Двадцать девятого — утренник.
Зал клуба — пятьдесят квадратных метров, потолок — три метра, сцена — дощатая, с фанерной декорацией (нарисованная ёлка, нарисованный зайчик, нарисованная луна — всё рукой Таисии Ивановны, и если зайчик больше похож на медведя, то луна — вполне). Ёлка — настоящая, пышная, от Кузьмича, с верхушкой, которую поправил Толик (молча, стремянка, верёвка, кивок — готово). Игрушки — самодельные: бумажные цепи, ватные снежинки, конфеты в фольге, стеклянные шары (старые, побитые, но каждый — реликвия: «этот ещё бабушка вешала»).
И — гирлянда. Мишкина гирлянда. Двадцать лампочек, разноцветных (красил цапонлаком сам — красные, синие, зелёные, жёлтые), на аккуратном проводе, с аккуратными патронами, с аккуратным выключателем.
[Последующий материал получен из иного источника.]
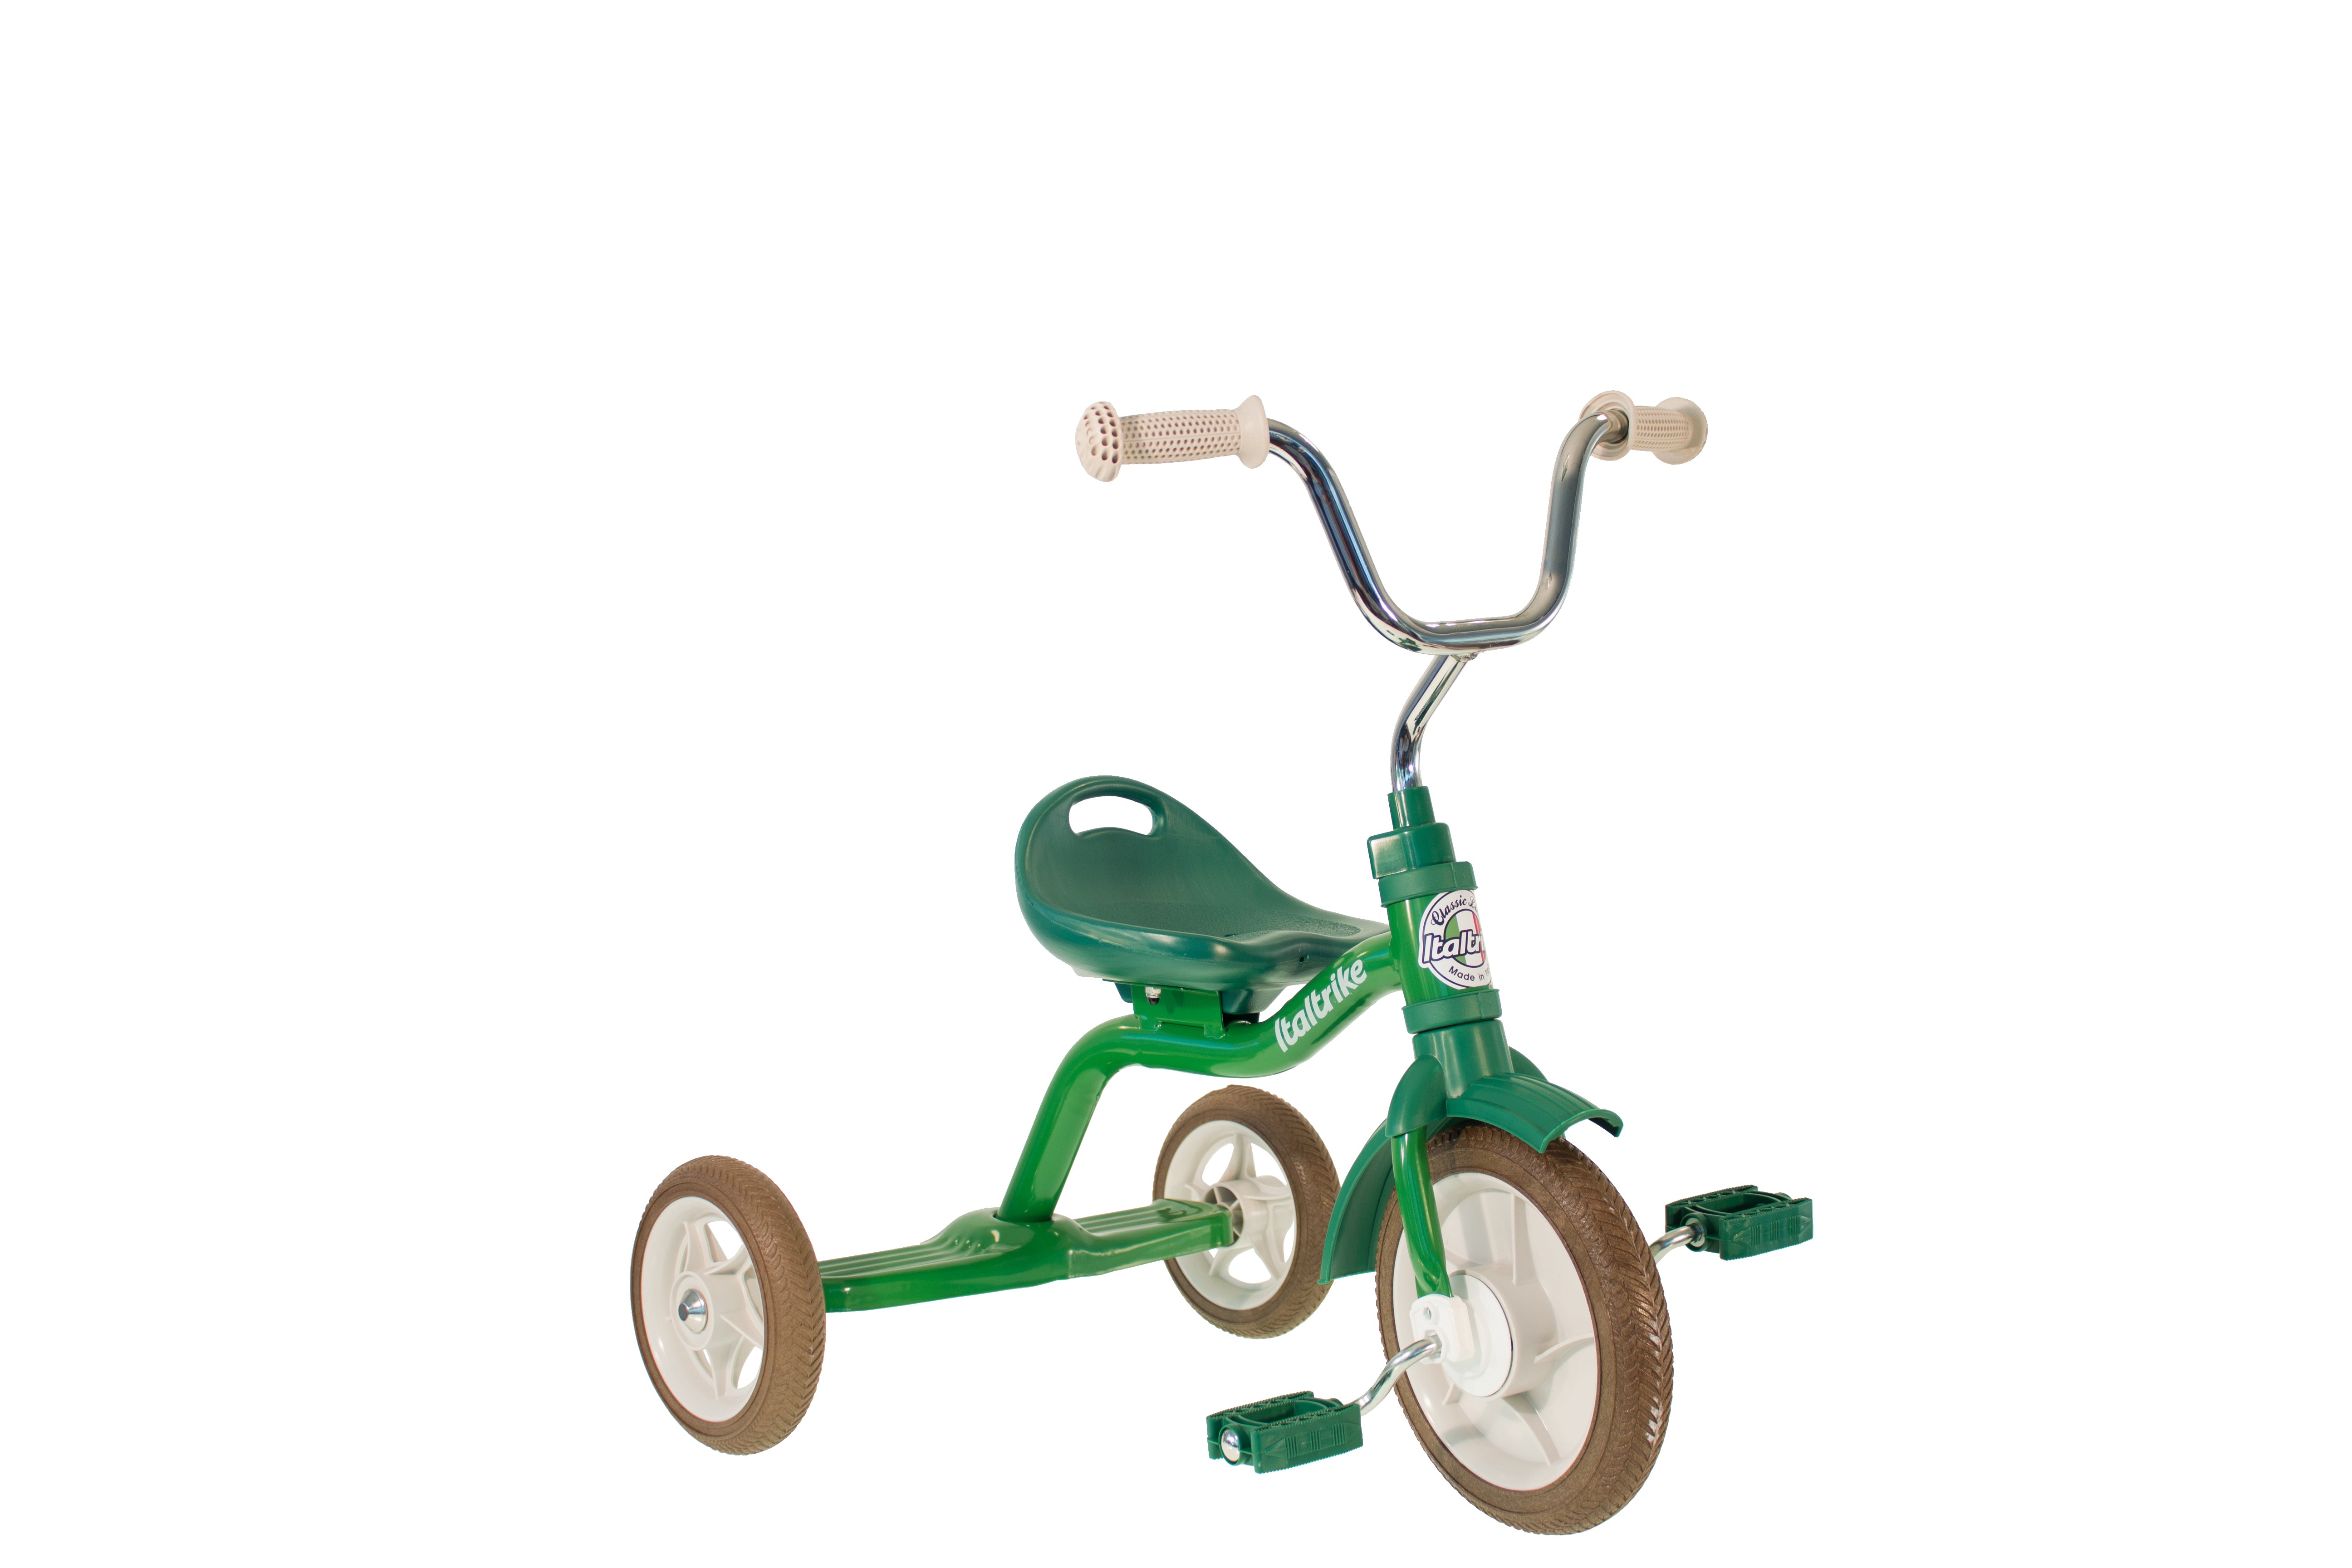 Classic10 Inches Supertouring Primavera Tricycle in Green by

Работала. Мигала — потому что Мишка, войдя в раж, добавил мигающий контур на транзисторе.
Когда гирлянду включили — зал ахнул. Не фигурально — именно ахнул: тридцать взрослых и сорок детей одновременно сказали «О-о-ох!» — и в этом «О-о-ох» было больше восхищения, чем в любом столичном шоу, потому что это были двадцать лампочек в деревне, где электричество мигало через день, а новогодняя гирлянда в магазине стоила шесть рублей и была в дефиците.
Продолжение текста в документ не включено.